The authors suggest that it takes a meantime of four minutes to perform spirometry and that practice assistants are performing this task. This new breed of practice staff is not well developed in the UK primary care setting and therefore time and costs of assessment would be that of a practice nurse or even GP in the majority of cases. However, new roles are developing in primary care in the form of ancillary staff who, with proper training, could easily perform lung function testing. This would mean that lung function testing can be carried out at a lower cost.

The authors have highlighted an important area for improving quality of care by case study finding and identification of 'at risk' factors. It appears to be a good recommendation to select all smokers within a practice population, as smoking is known to be the single most important risk factor for developing the disease and smoking cessation the most effective intervention at any stage.

In this study, no bronchodilator reversibility testing was carried out in order to establish that the patient did have a fixed or only partially reversible airflow obstruction associated with COPD and not completely reversible obstruction associated with asthma. In fact, the authors acknowledged that this was beyond the scope of the study.

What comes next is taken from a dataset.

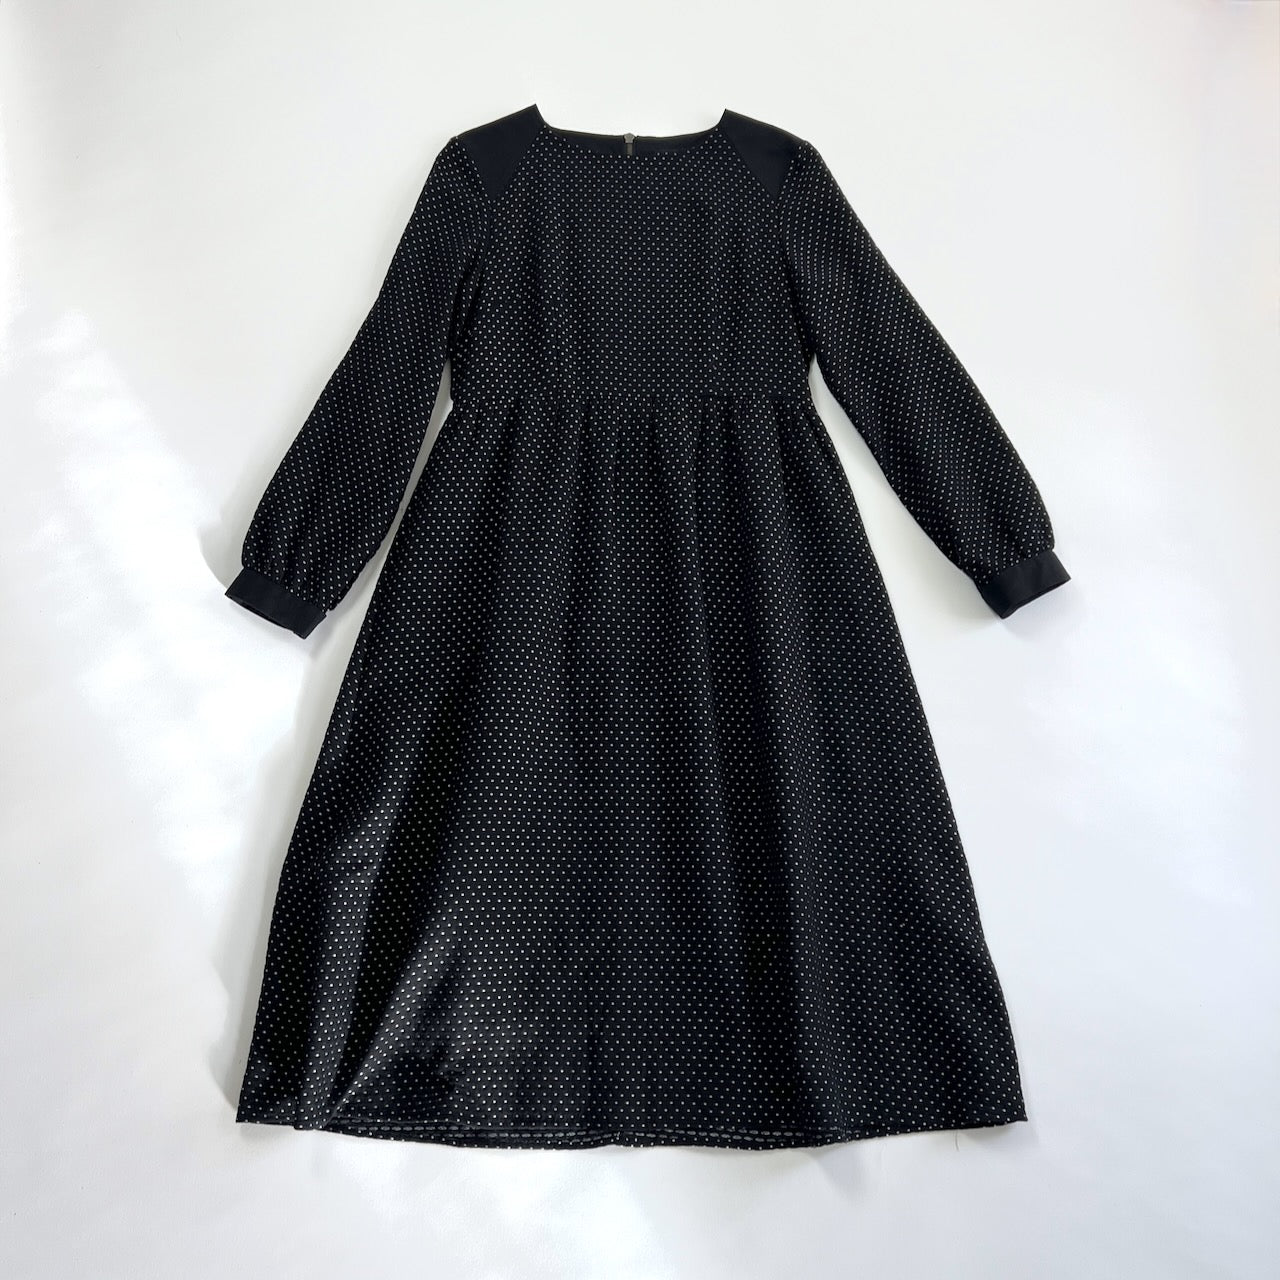 Lowie black pin spot embroidered midi dress UK10 - UK12

This study has demonstrated that chronic cough is a predictor of airflow obstruction and that the presence of two symptoms (chronic cough, wheeze or dyspnoea) was a slightly better predictor than just cough alone. Only half, at most, of patients with obstructive airways disease are known to their doctor. The natural first step would be to detect these patients at an early age and to offer smoking cessation counselling at a time when they may be motivated to do so. However, this has other implications, as there must be services to offer, such as smoking cessation counselling services, and again this involves more financial and educational implications.

There are eventual monetary benefits to this approach, and on this basis early intervention and consequent appropriate treatment and management strategies could result in substantial savings for the NHS.

This is an interesting study suggesting that there may be certain risk factors that can be used to identify whether or not a patient is at risk of developing airflow obstruction in the presence of continued smoking. If this were the case, it could have huge implications on the future disease burden of COPD. However, more research is needed into the detection of patients at high risk of developing COPD in general practice and risk factors associated with the development of airflow obstruction.